Archive for June 14th, 2013

MACC should explain why no disciplinary action taken against Mohd Nadzri when Teoh Beng Hock RCI Report made adverse comments about Nadzri’s role in Beng Hock’s mysterious death

The Malaysian Anti-Corruption Commission (MACC) has urged the Enforcement Agency Integrity Commission (EAIC) to remove Mohd Nadzri Ibrahim, its sole investigator, from investigating death-in-custody cases.

This is MACC’s response to the query by two DAP MPs, Zairil Khir Johari (Bukit Bendera) and Steven Sim Chee Keong (Bukit Mertajam) whether EAIC’s integrity would be in doubt if Mohd Nadzri was the MACC officer who was part of the MACC probe causing the mysterious death of DAP aide Teoh Beng Hock at Selangor MACC headquarters in Shah Alam on July 16, 2009.

A MACC statement issued late last night said:

“SPRM does not want any SPRM officers linked to any controversies, whether it involves SPRM itself or the EAIC.

“In this matter, SPRM wishes to stress that Mohd Nadzri Ibrahim, an SPRM officer who was seconded to the EAIC since more than a year ago, is an officer who has always conducted his duties professionally.

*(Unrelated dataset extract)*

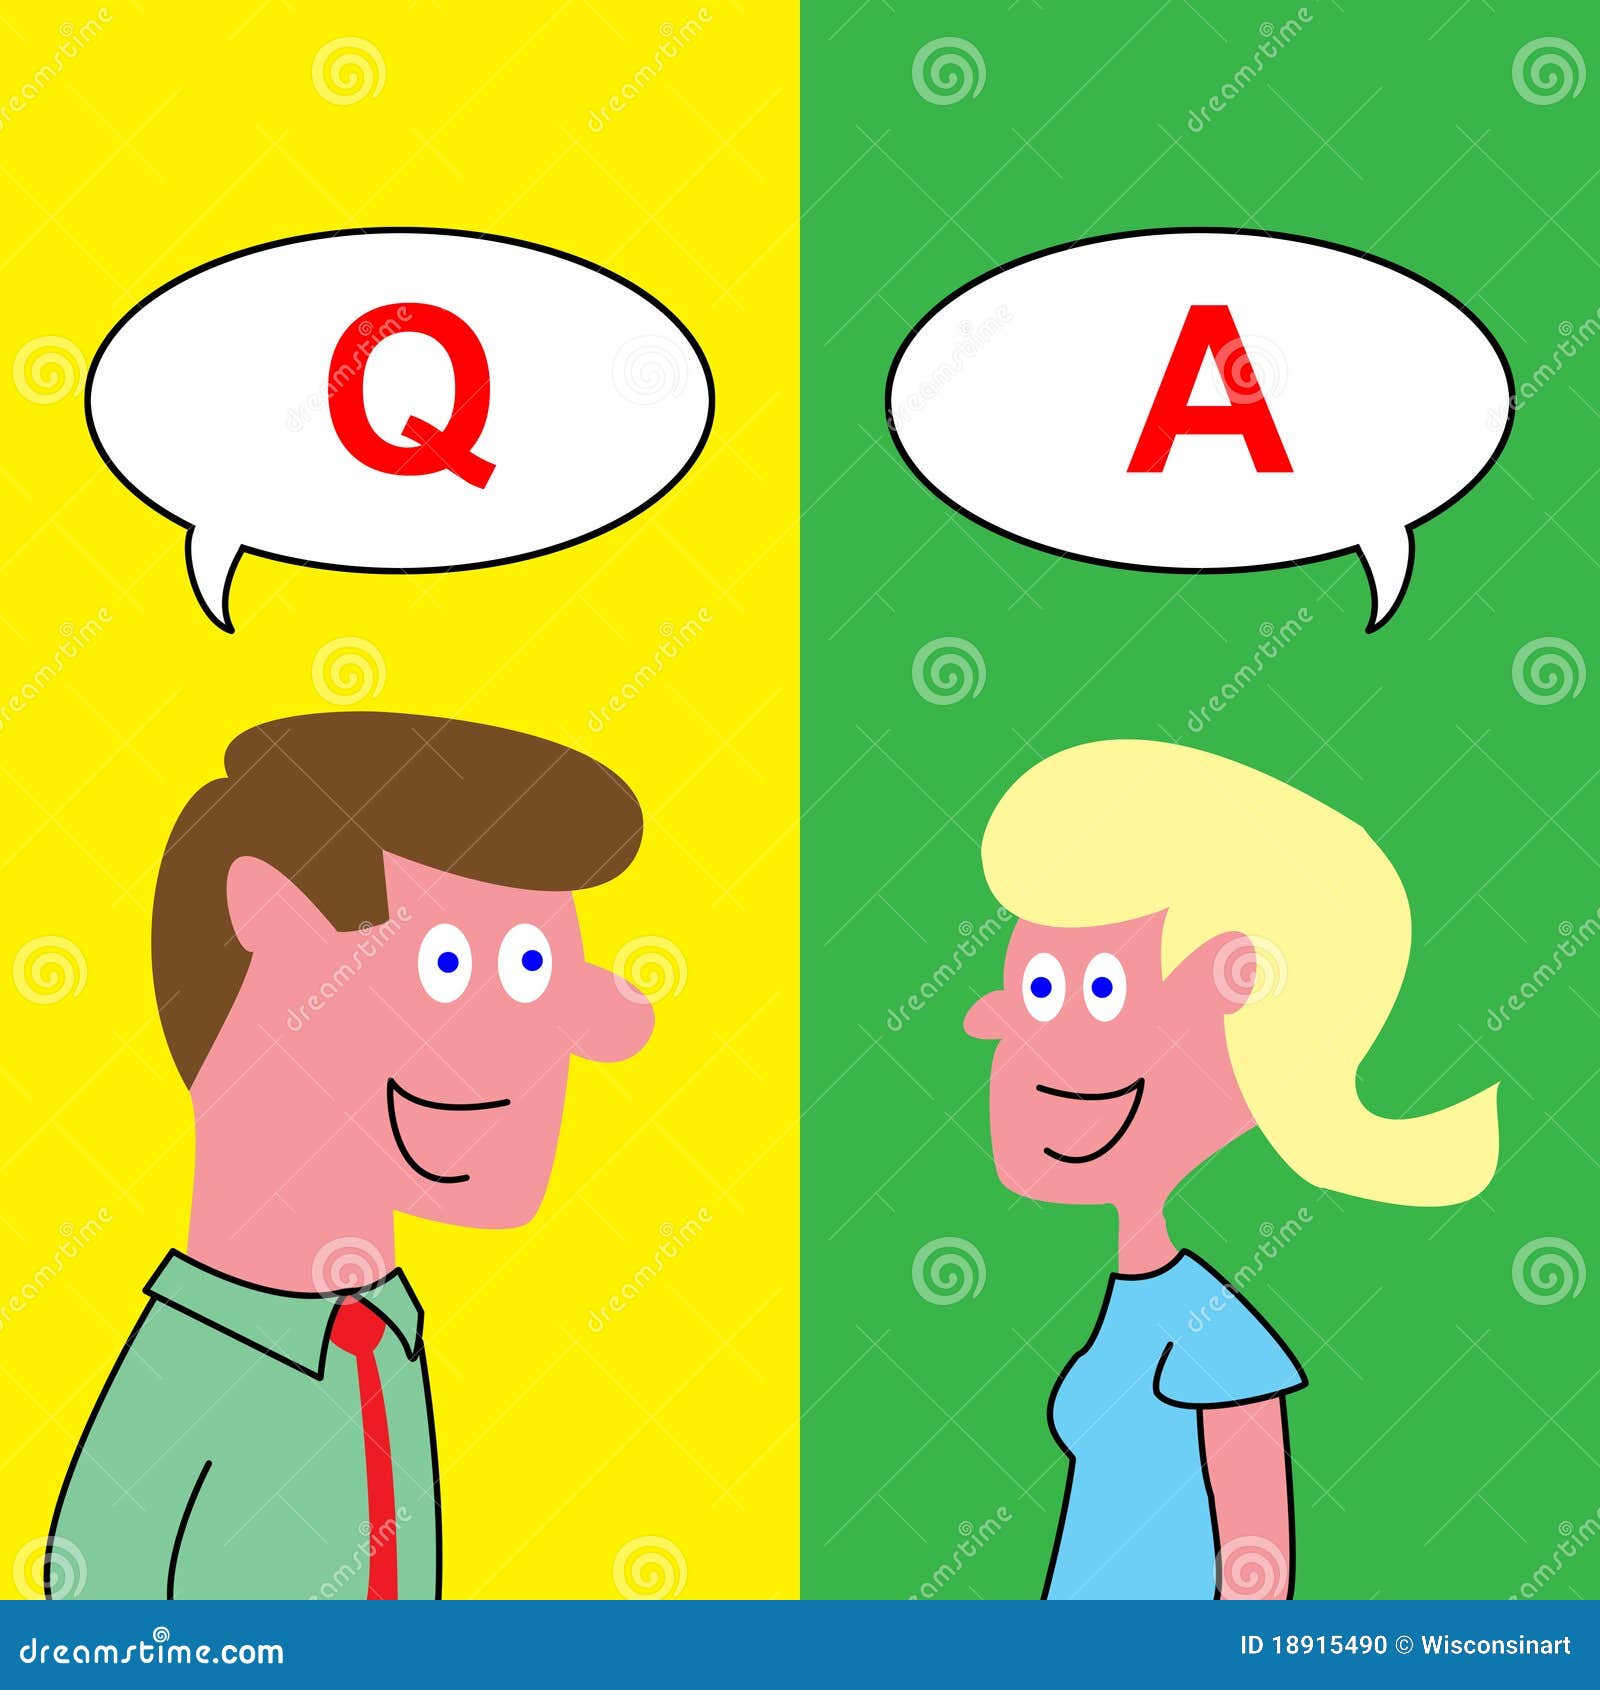 clipart of question and answer - photo #43

“Like SPRM, SPRM is confident that the EAIC, which is an independent commission, would also want to ensure justice for all parties involved in the issue of deaths in custody.”

This is meaningless bureaucratic gobbledygook designed to confuse rather than to illuminate the public, just because the government agency concerned has got embarrassing things to hide from the people.
Read the rest of this entry »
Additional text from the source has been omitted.